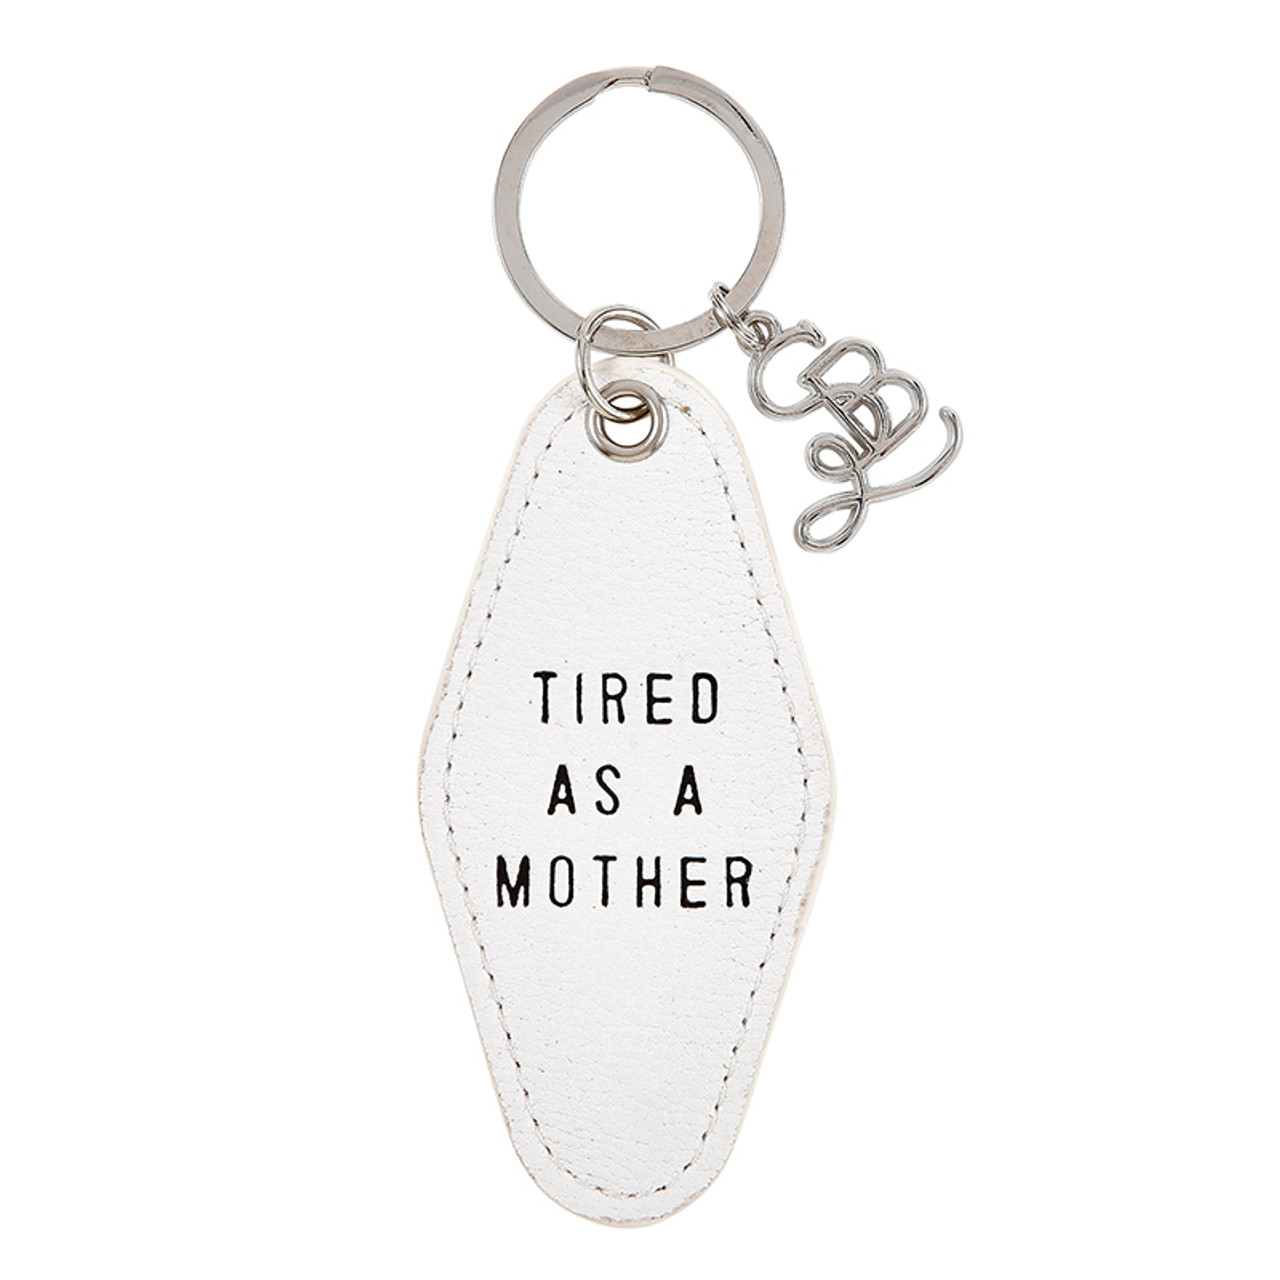 Thelma and Louise Wristlet Keychain
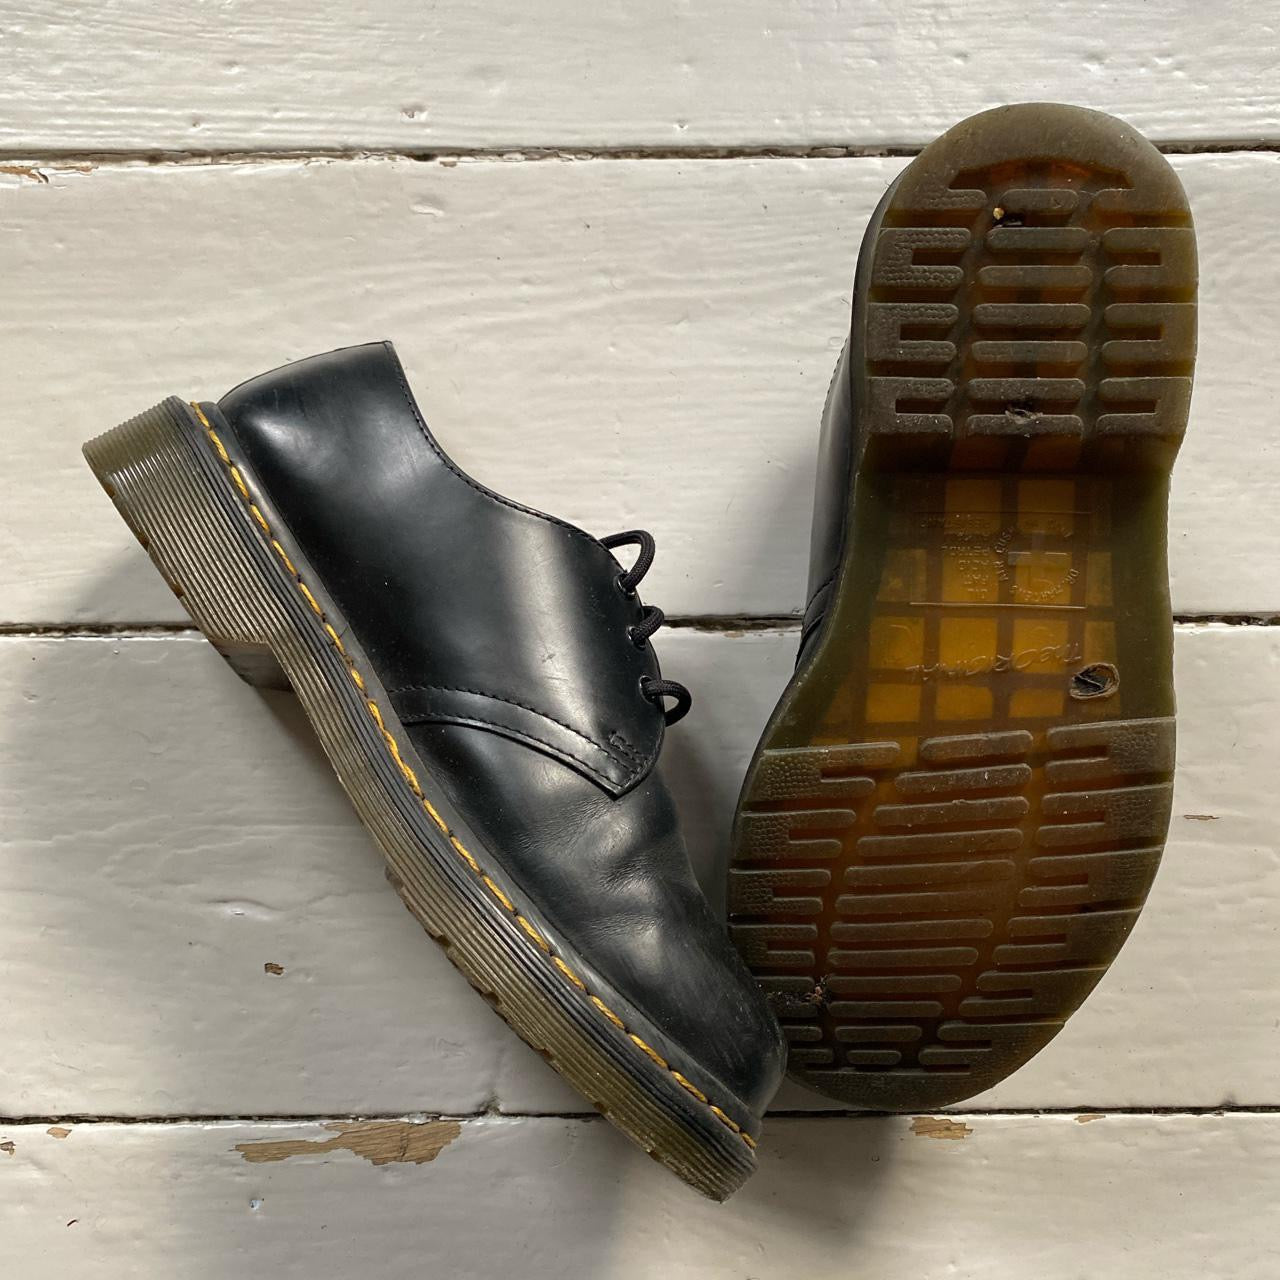 Dr Martens Low Leather Shoes (UK 5)
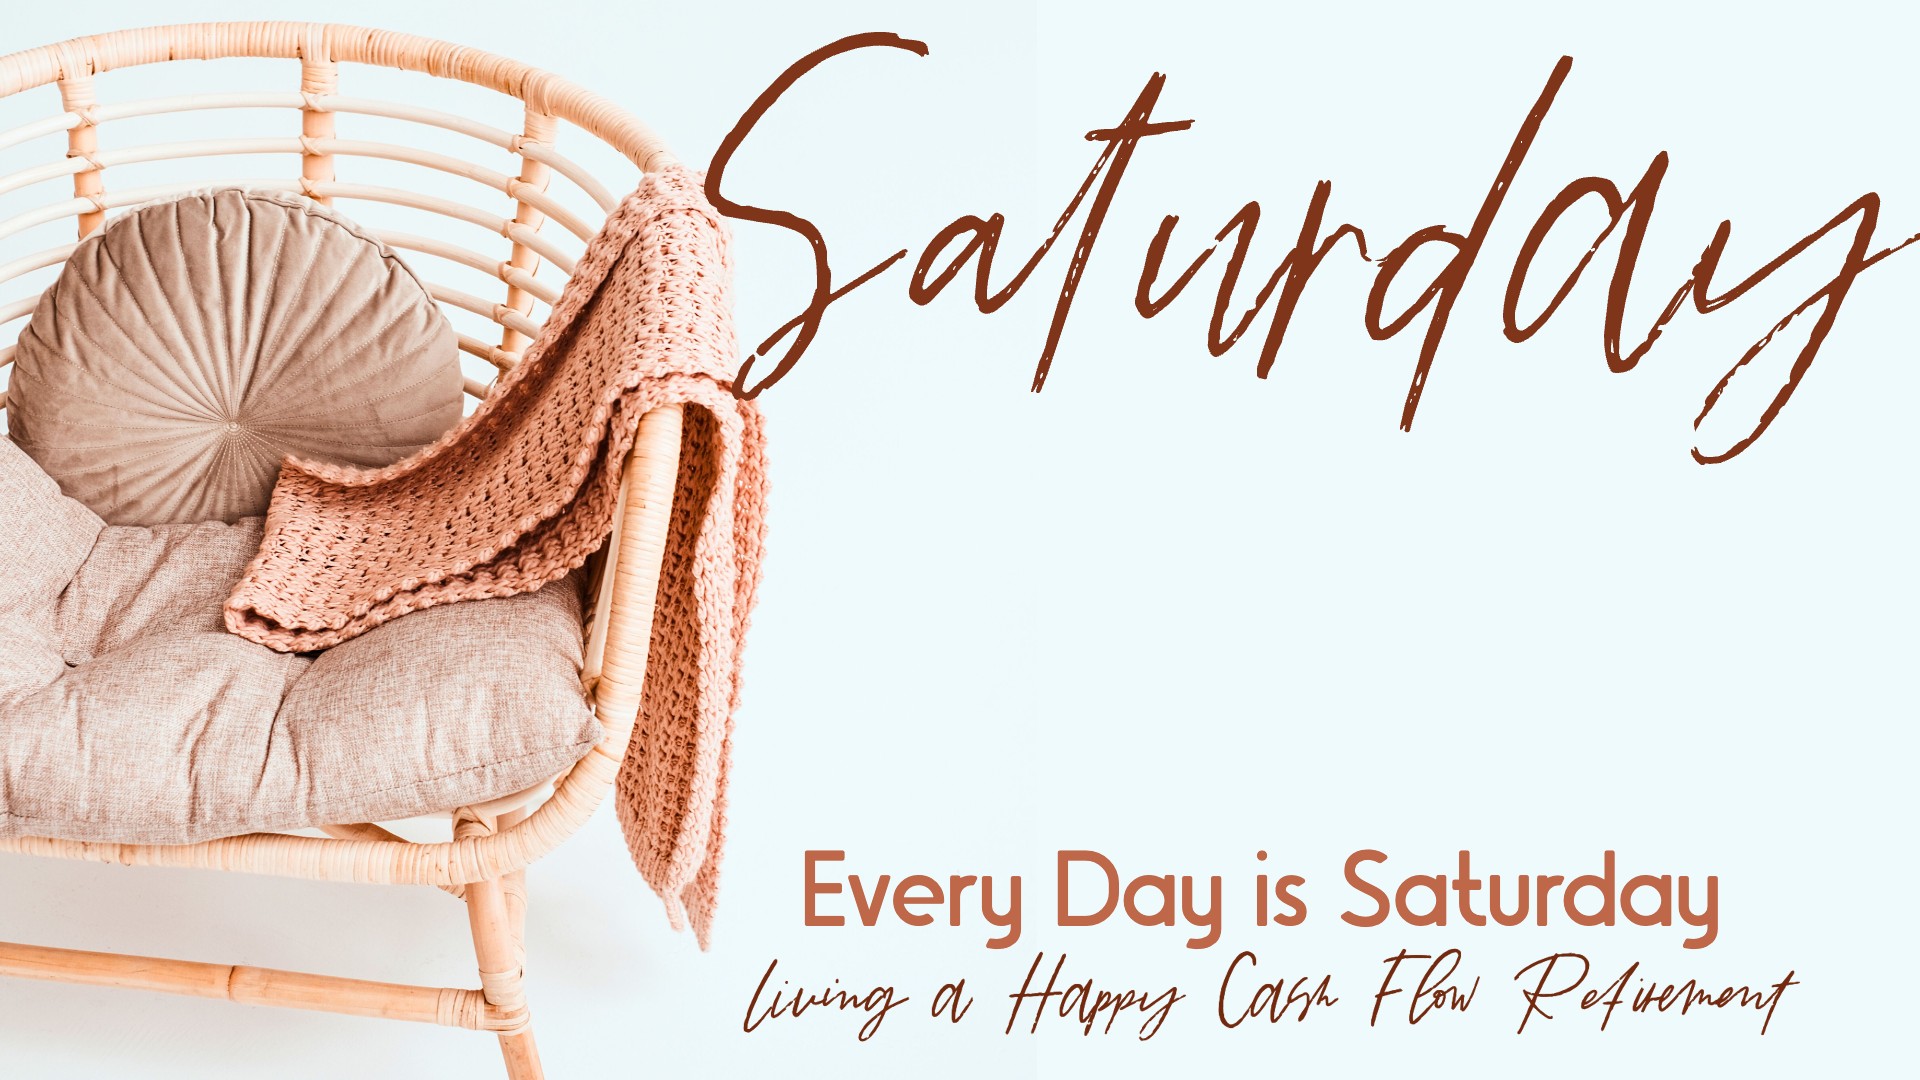 Every Day is Saturday: Living a Happy Cash Flow Retirement
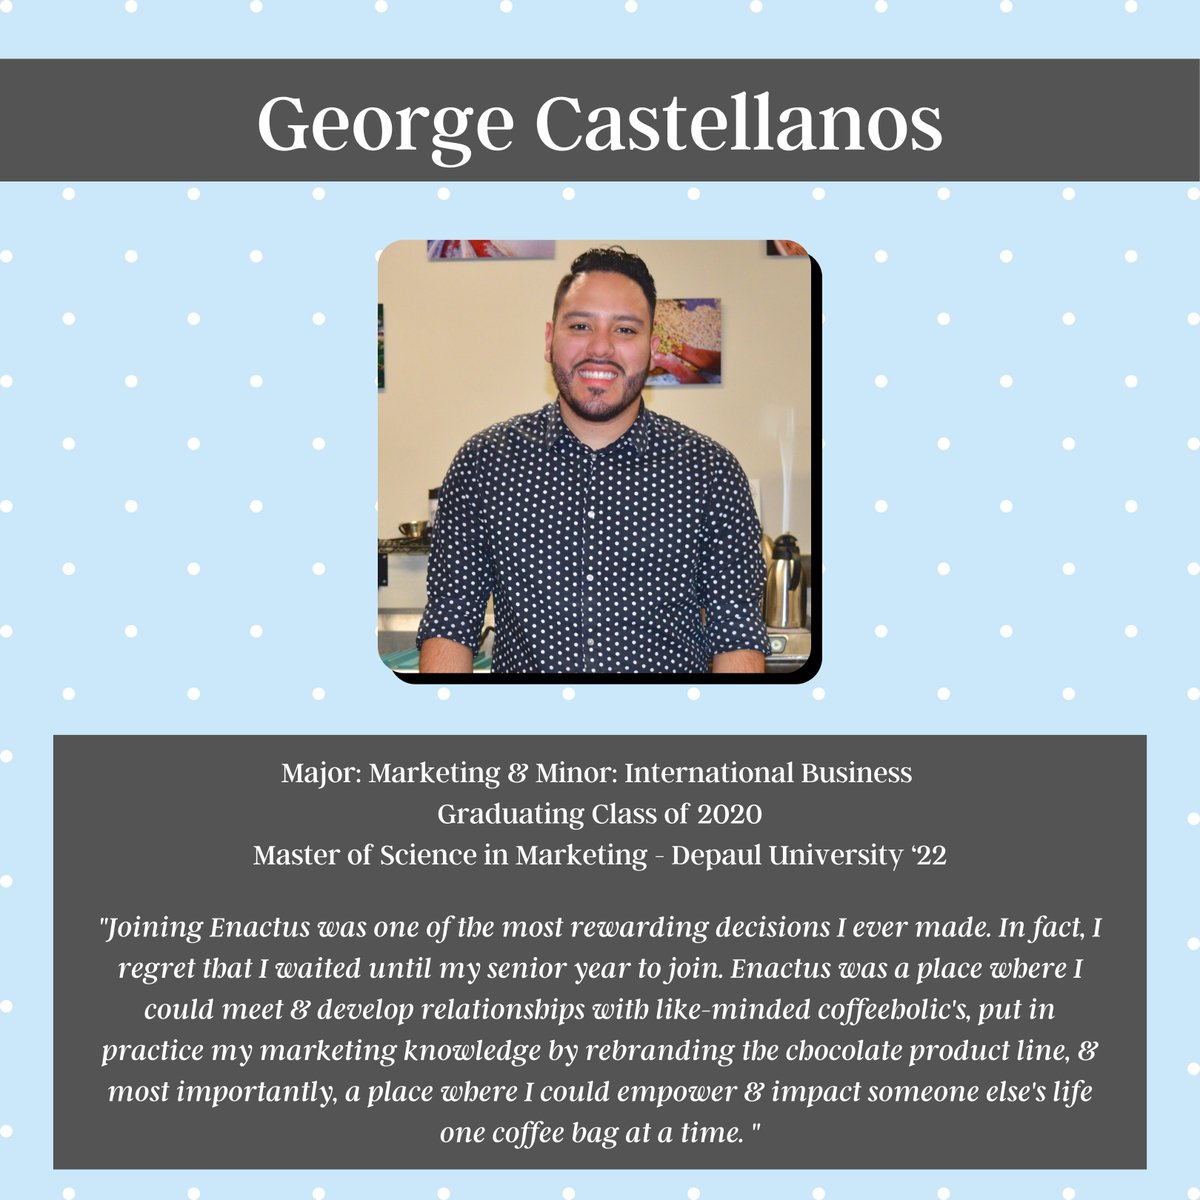 Next up is alum @IMCastellanosG! Currently, he's a Marketing Manager at Innovative Dental Partners, an award-winning multi-specialty dental corporation in Naperville, IL. He'S also starting his own coffee brand from his motherland, Honduras that will be roasted in our coffee lab.

···

> _Action item_: Restate the data above exactly, stripping out each image.

> _Output_:
 Thelma and Louise Wristlet Keychain
 Dr Martens Low Leather Shoes (UK 5)
 Every Day is Saturday: Living a Happy Cash Flow Retirement
 Next up is alum @IMCastellanosG! Currently, he's a Marketing Manager at Innovative Dental Partners, an award-winning multi-specialty dental corporation in Naperville, IL. He'S also starting his own coffee brand from his motherland, Honduras that will be roasted in our coffee lab.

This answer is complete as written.